As the company announced on Friday afternoon, the production of so-called wide flat steel in Switzerland is no longer profitable. The reason for this is the "unfair" competition for exports to the EU. In addition, the high energy costs and grid charges in Switzerland are making steel production more expensive.
As the EU has imposed quotas on steel imports from third countries as a result of the trade conflict with the USA, the steel quotas are currently being used almost exclusively by suppliers from third countries such as Brazil, Vietnam and Egypt. Stahl Gerlafingen is unable to counter their delivery times of just a few hours in some cases. The current situation is therefore tantamount to an export ban to the EU, the report continues.

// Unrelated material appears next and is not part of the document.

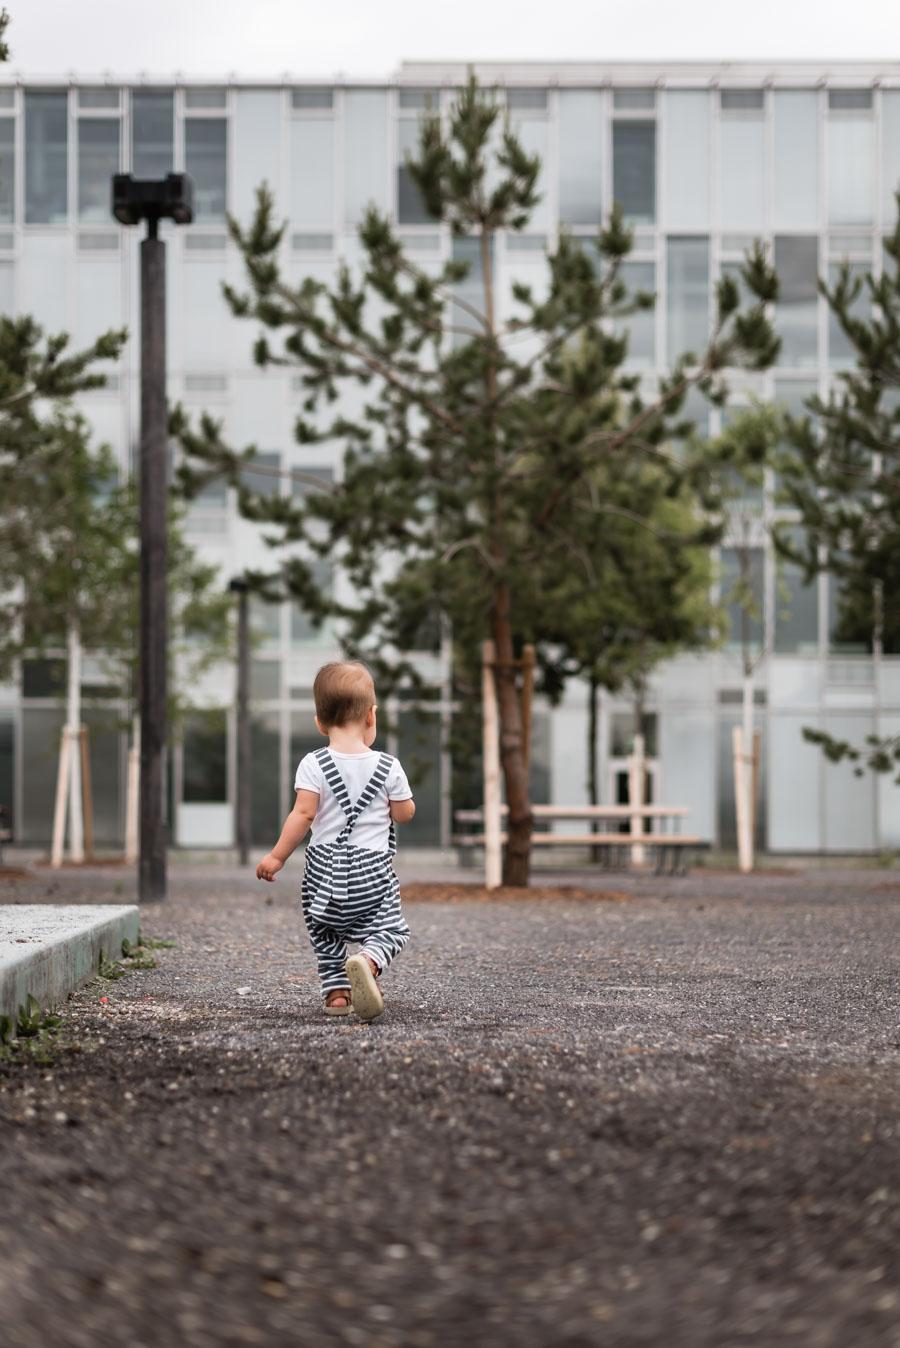 Toddler walks through the park / Copyright Isabelle Kade

Partial closure of production threatened
In order to secure the company's continued existence, the management therefore feels compelled to take drastic steps. Specifically, one of two production lines, the profile line, is to be closed. There will be no impact on the steelworks, the combi line, the ring center and the corresponding maintenance of upcoming measures, according to the statement.
However, the final decision to close has not yet been made. The management, together with the owner, the Beltrame family, has initially postponed the decision at the request of politicians. Talks are currently being held with the municipality, the canton and the federal government in order to find a solution after all. In order to reverse the decision, a "long-term perspective for exports to the EU" is needed, according to the company boss.
Situation remains tense
However, even after the closure of the profile route, the situation remains tense. Imports from the EU to Switzerland are still possible without restriction, which is leading to a massive price war. As a result, margins are also under pressure.
It is not clear from the press release how many employees are affected by the closure. A social plan is to be drawn up for the employees affected by the redundancies. In addition, wherever possible, the redundancies will be made through natural departures, the statement continues. According to the website, the company currently employs around 540 people.